Shaking her head, she pushed through the box. The one in which Audrey first appeared was red, she remembered that, for it had been one that she had flipped open often, almost as often as the one chronicling the first days of marriage.

Here. This one. She opened it and read the entry again, the words written by his blue pen familiar by now. Then she flipped ahead, to the days of paperwork, and finally, the day of adoption.

She left the box where it lay and traveled back downstairs with the book in hand.

.

He headed for the Boneses residence. They'd made it clear that he was more than welcome if he had to come for work purposes. Lucy had commented on how unusual it was that he didn't seem to have an office and he had waved it off nonchalantly. He felt as if he were juggling far too many balls at once. George, keeping with the Statute of Secrecy, Michael Bones, Audrey's parentage, Audrey herself, getting to Azkaban...

He landed with a pop and knocked at the door.

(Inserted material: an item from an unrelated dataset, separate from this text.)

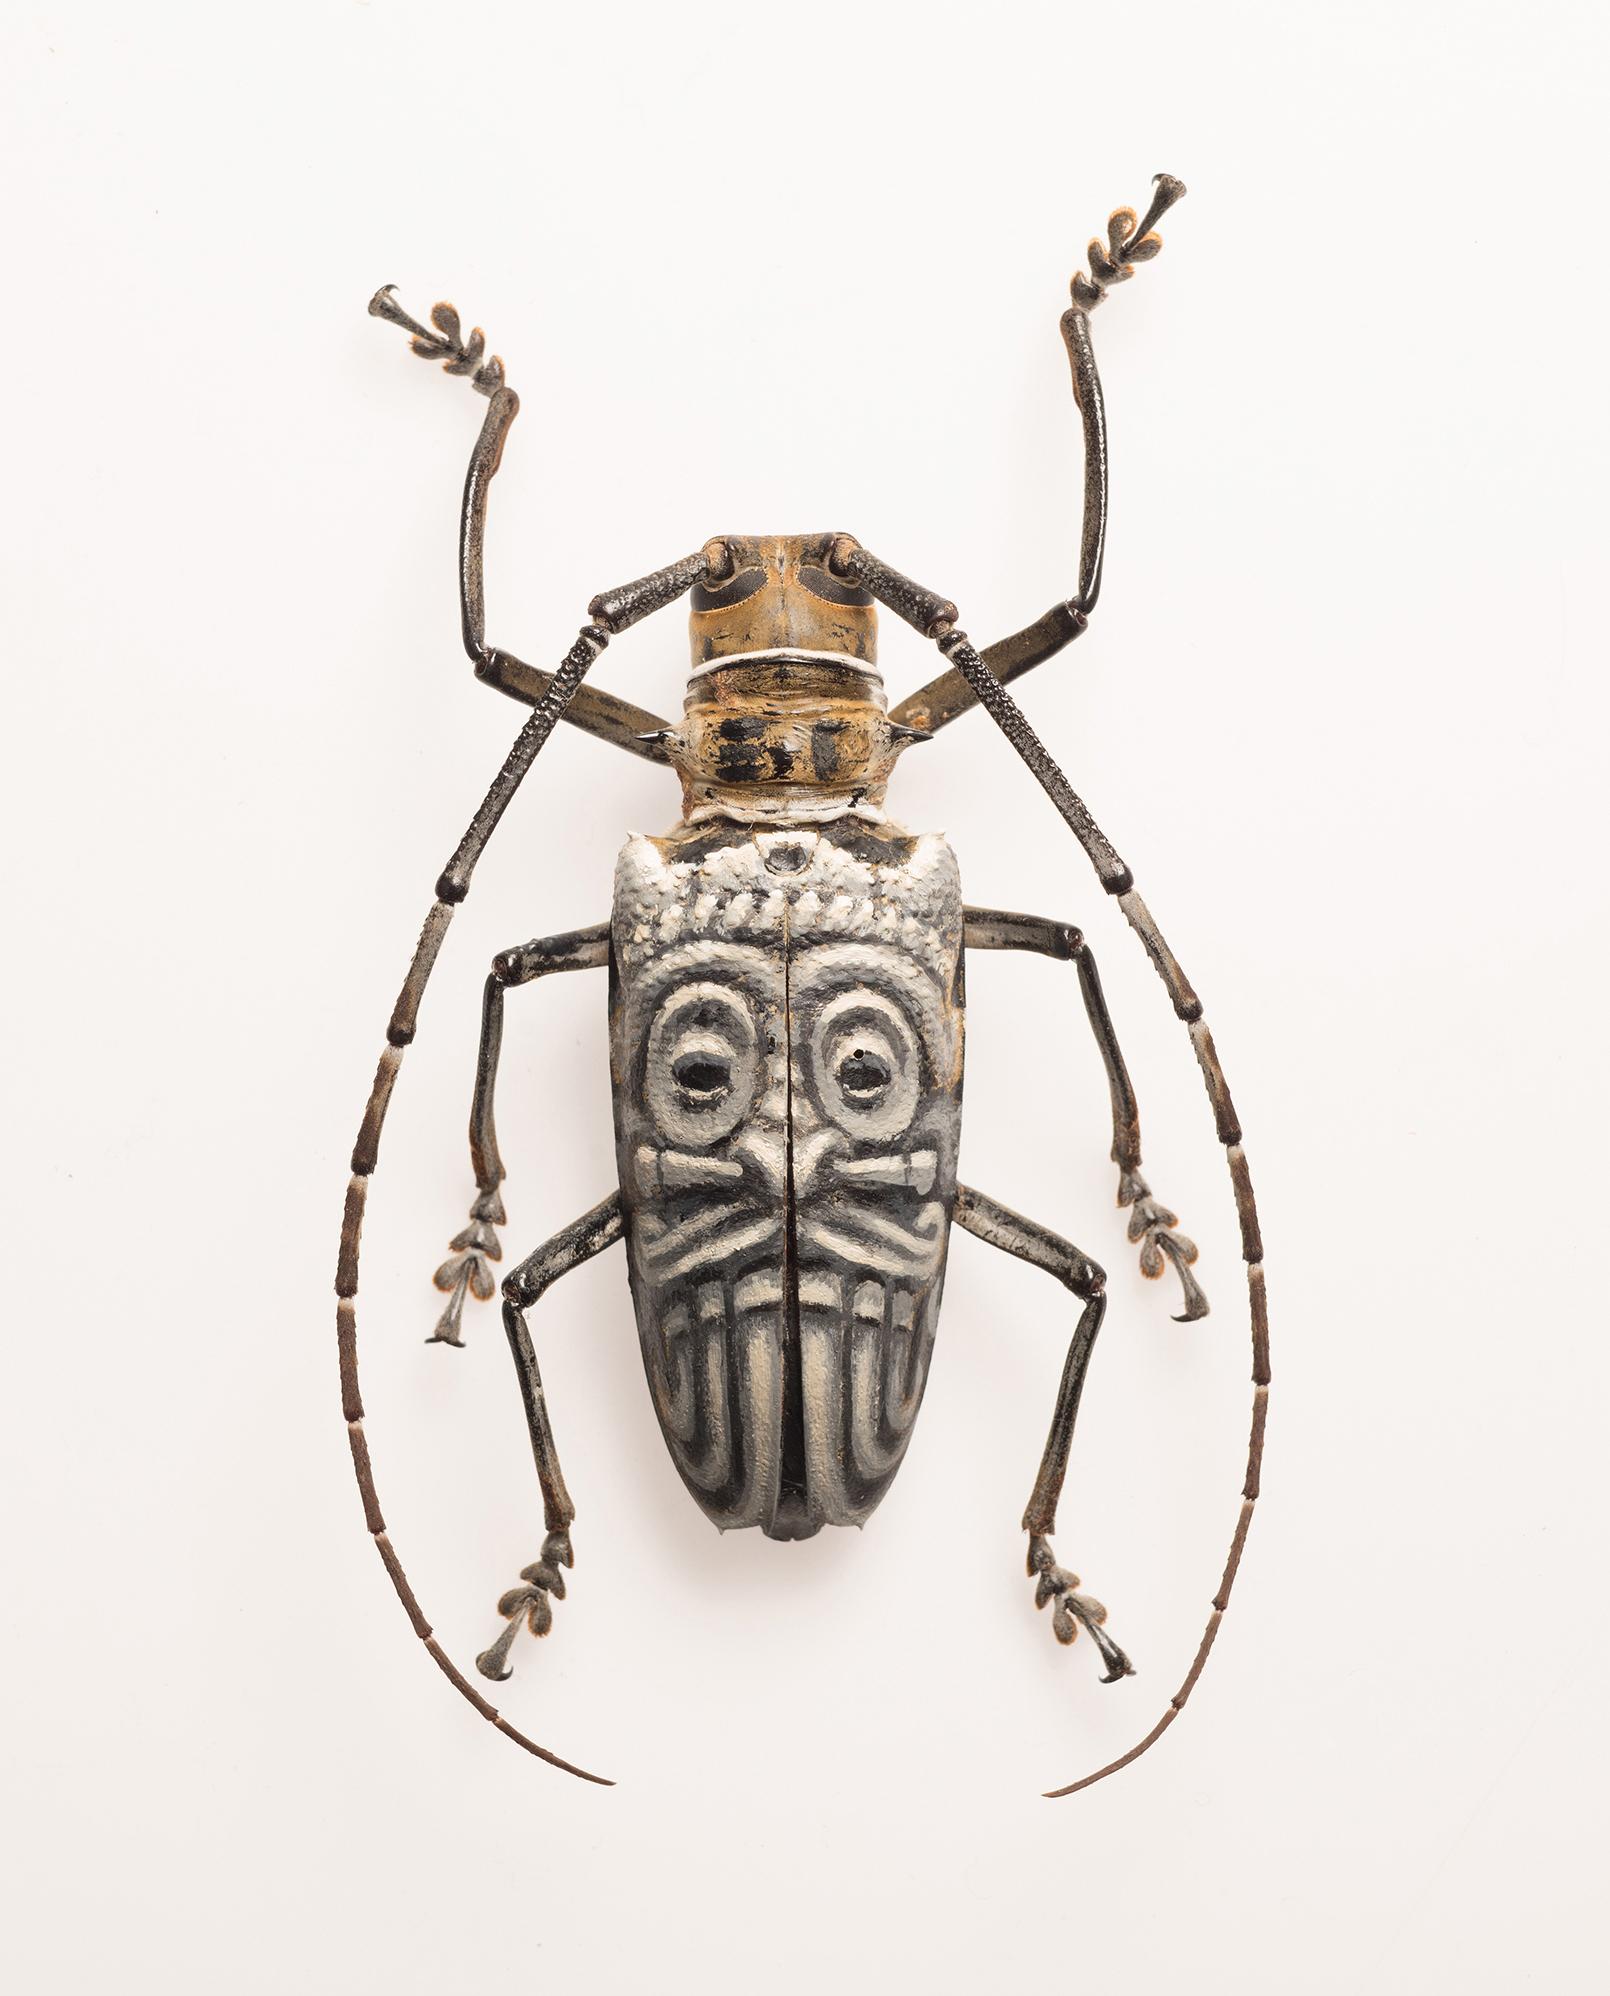 "Evan Skrederstu.  Tlaloc Mask.  2015 - acrylic on bug, 2"" x 3.5""."

It was a moment before Lucy opened it with a wan smile.

"Percy." She let him in. "What news?"

"None I could quite share." He said frankly. Something about her made her feel as if he were with his own mother.

"Well, then there is some." She said pleasantly, leading him again into the breakfast nook. It struck him that though there was a front room and a living room, he'd never been asked to sit in either of those, but instead simply invited into the kitchen, the most familial domain in the house.

"Audrey is out." Lucy searched the young man's face keenly for some sign of disappointment and was disappointed herself to find it lacking. Pity. He was such a nice young man.

"Oh?"

"She's getting blood taken for a paternity test like you told her."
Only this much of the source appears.